Most retail investors are simply “trend trading”.  They can quickly toggle the length of the chart on the most popular novice trading app, Robinhood, and buy companies that they believe will bounce back based on the company’s chart.  Many retail investors are known to say something along the lines of, “If it was trading at price ‘A’ last month, it must return to this level.”  The sheer quantity of investing with this mindset has artificially forced prices up.  This provides a misleading message within markets.  The overall market is largely pushed more and more positive because of the increase in buying these stocks, many of which are penny stocks.  

If it were not for this surge in volume, markets probably would not be climbing to this extent, given the level of uncertainty.  Just one example of this occurred with Hertz.  In February, Hertz traded close to $20 per share.  Amid the pandemic, the companies’ bankruptcy forced the share price down to a mere penny stock.  The company spent most of its time since April trading in the $2-4 range.  Hertz recognized retail investors rushing to buy their stock amid the crash.  The price of their stock artificially (not driven by natural positive news/ earnings growth) doubled.  Buying Hertz stock amid bankruptcy is particularly foolish because in some cases the stock is worth $0.  Holding shares of common stock is the worst place to be in bankruptcy because the bond holders and creditors receive the company’s assets first, whereas equity holders are paid last, if there is anything left over.  Retail investors that buy ownership of a bankrupt company either have fundamental misconceptions of equities, or they place extremely preposterous confidence in the idea of the company not going entirely bankrupt. They decided to issue $500M to fund their bankruptcy due to the surge in volume from retail.  In other words, they used novice, uneducated investors money to pay off debt.  Wall Street Journal’s podcast describes, “Hertz, a bankrupt company was one of the best performing companies on Wall Street”.  This proves the façade that retail investors managed to create.  Hertz, along with several other fundamentally poor companies like Chesapeake Energy, led a charge of climbing charts.  The podcast details one specific trader who poured $50,000 into Hertz while standing in line at Starbucks.  

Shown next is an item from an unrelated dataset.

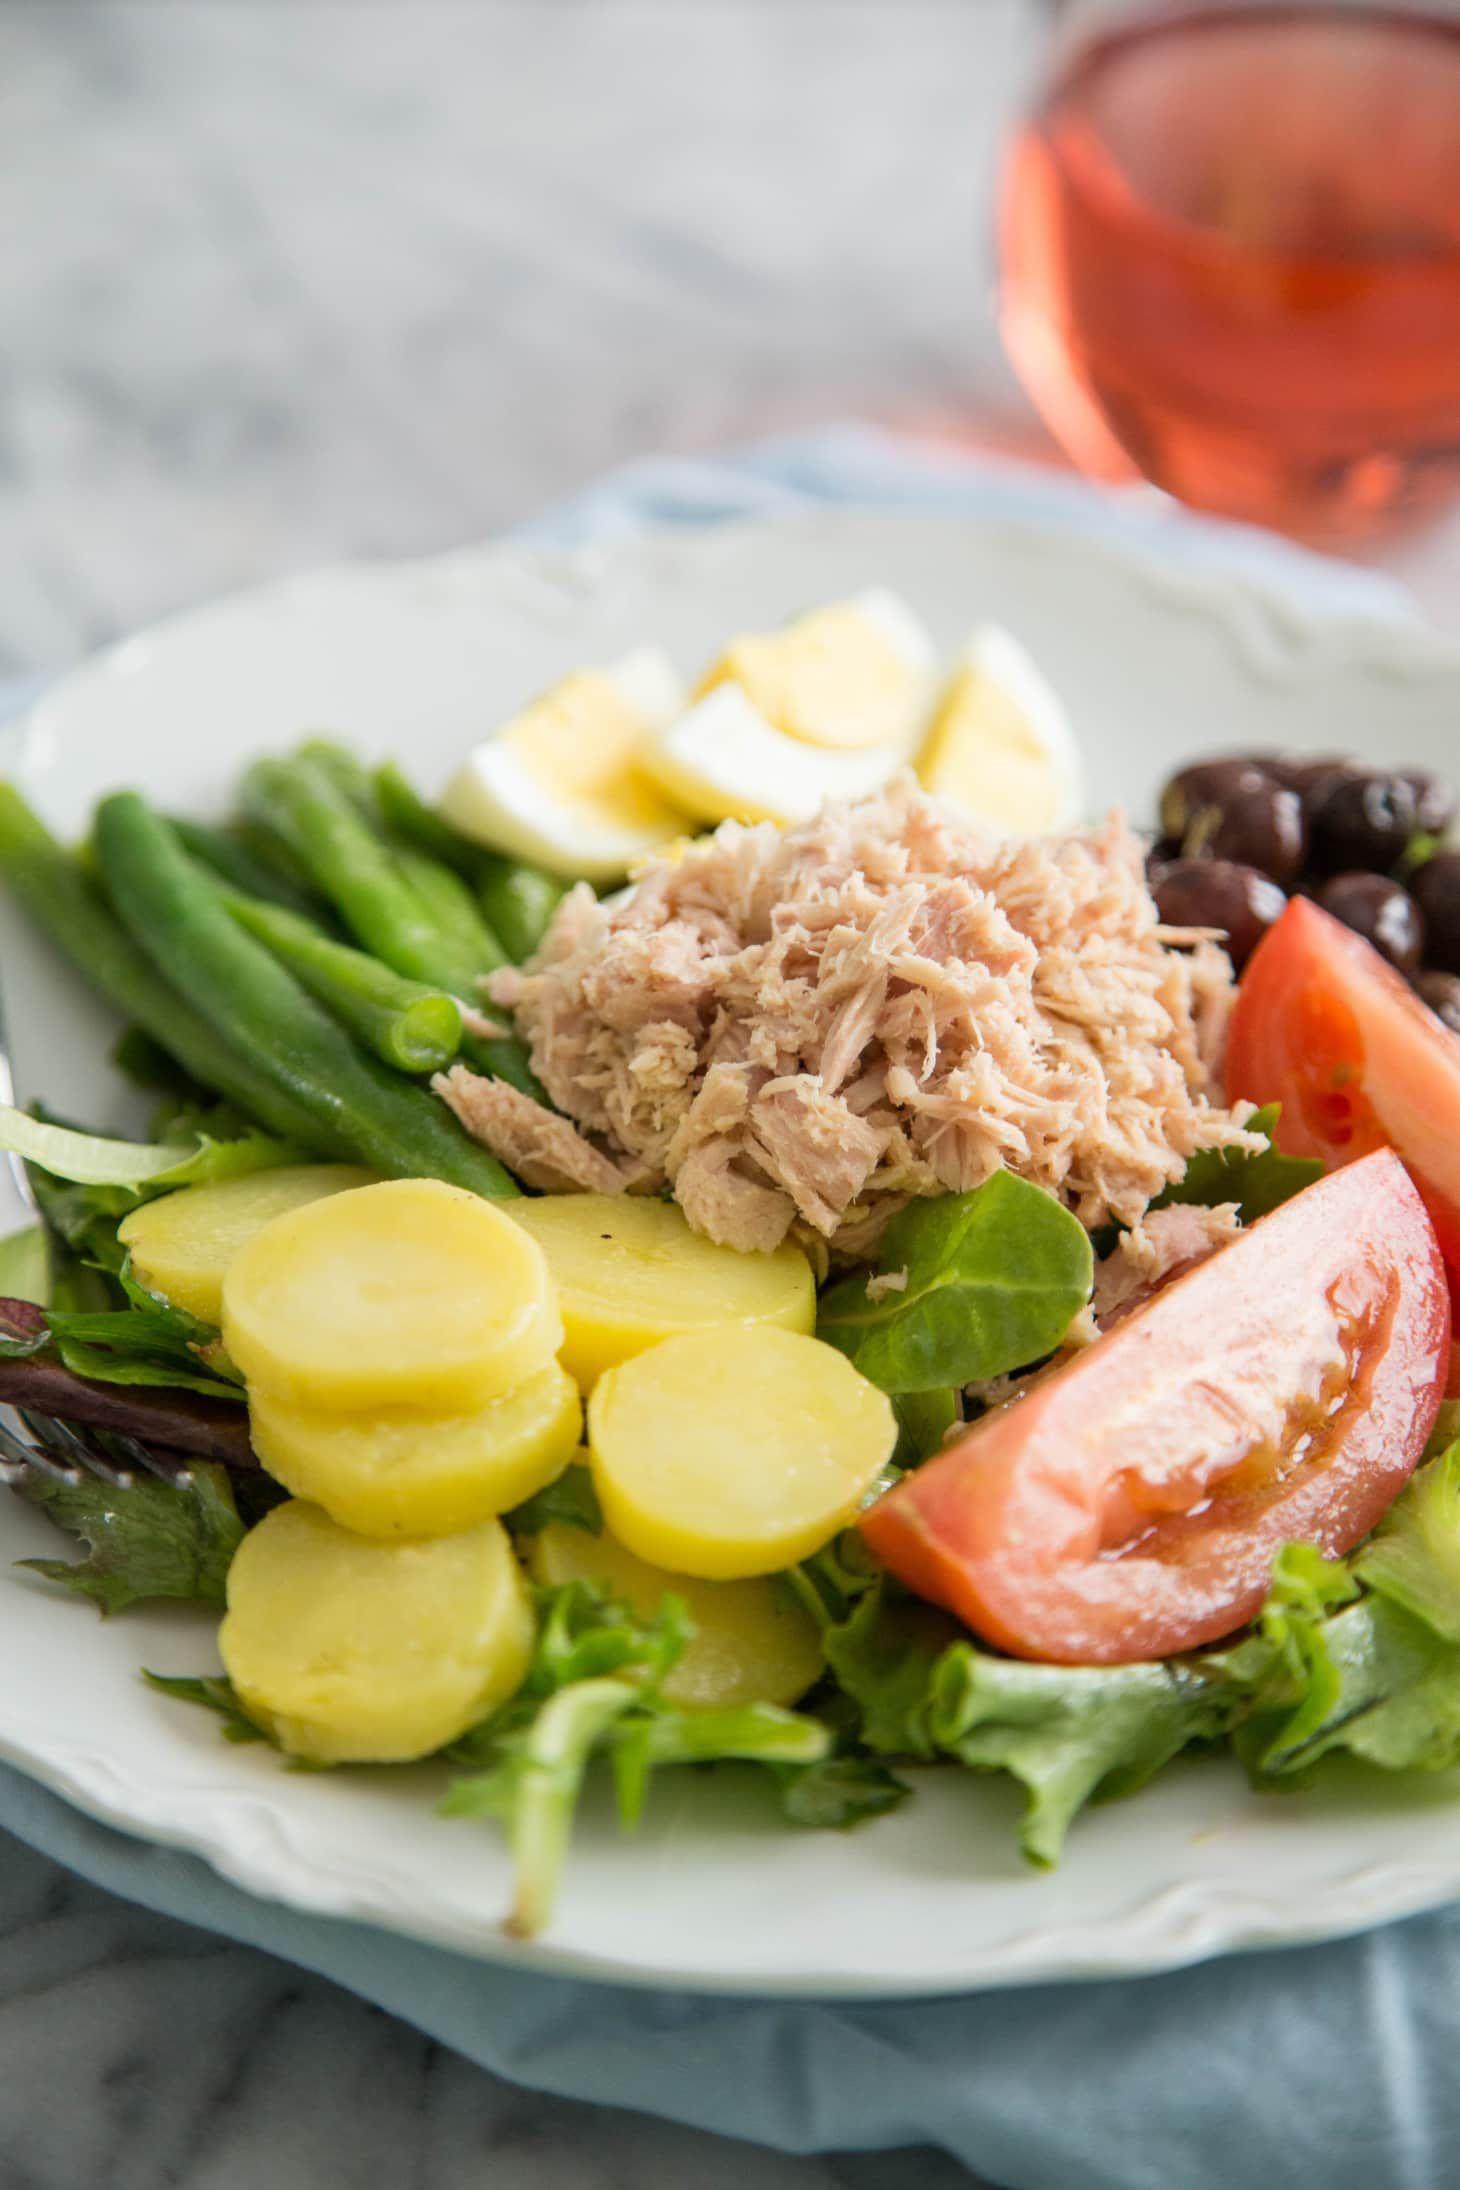 How To Make Nicoise Salad Recipe Nicoise salad, Easy
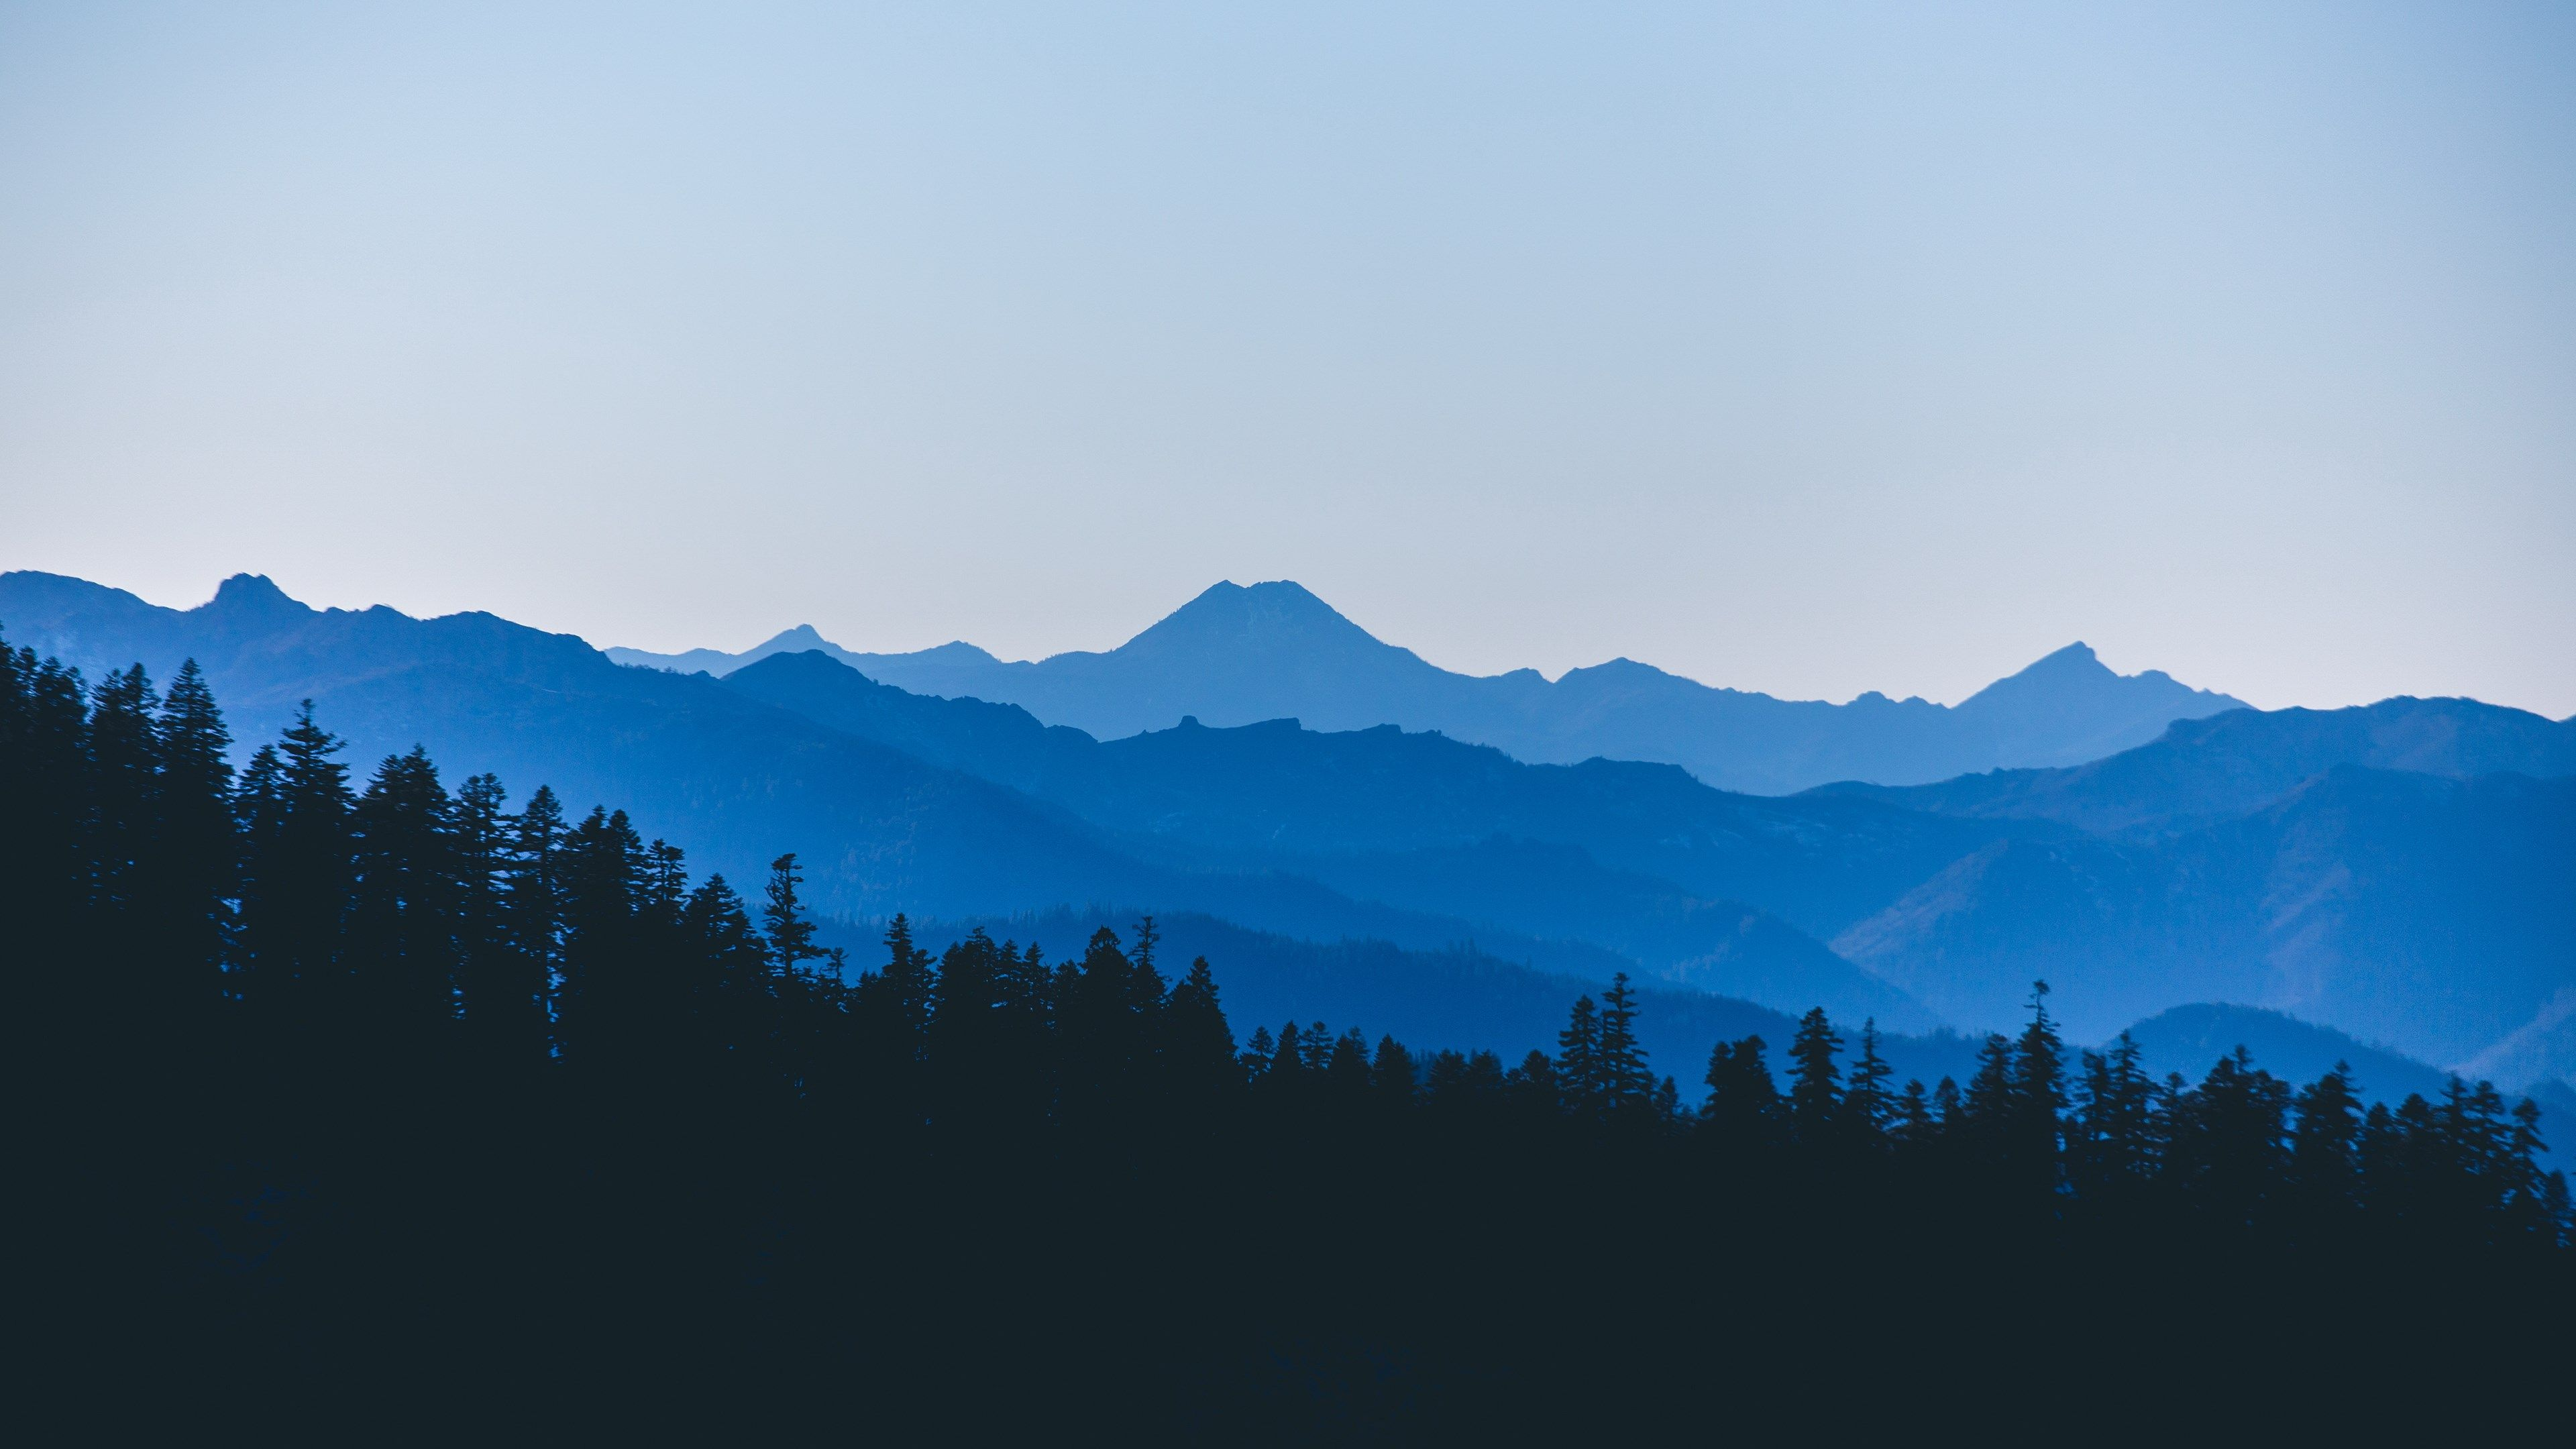 Most Inspiring Wallpaper Mountain Dark - f887320b498963dad4bf188205ffaae5  Pic_846048.jpg

Retail is clearly contributing a significant amount of price movement in markets, creating a façade.  It appears that markets are signaling a recovering economy, when in reality the increased volume within markets provides increased returns.  The companies that are the most fundamentally depressed are the most attractive for these investors.  Some investors have no idea what they are buying, and simply trend trade.  Excess government stimulus certainly contributes to this camouflage, but there are other classifications of people such as gamblers who entered markets in hopes of chasing their lockdown-delayed thrill from casinos and sports betting.  Regardless of the person’s background, Main Street is having an unprecedented effect on the markets and it is contributing to false images of the economy.    

Works Cited:

Huang, Pao-Yu, et al. “The Microstructure of the Price-Volume Relationship of the Constituent Stocks of the Taiwan 50 Index.” Emerging Markets Finance & Trade, vol. 48, 2012, pp. 153–168., www.jstor.org/stable/41739223. Accessed 21 June 2020.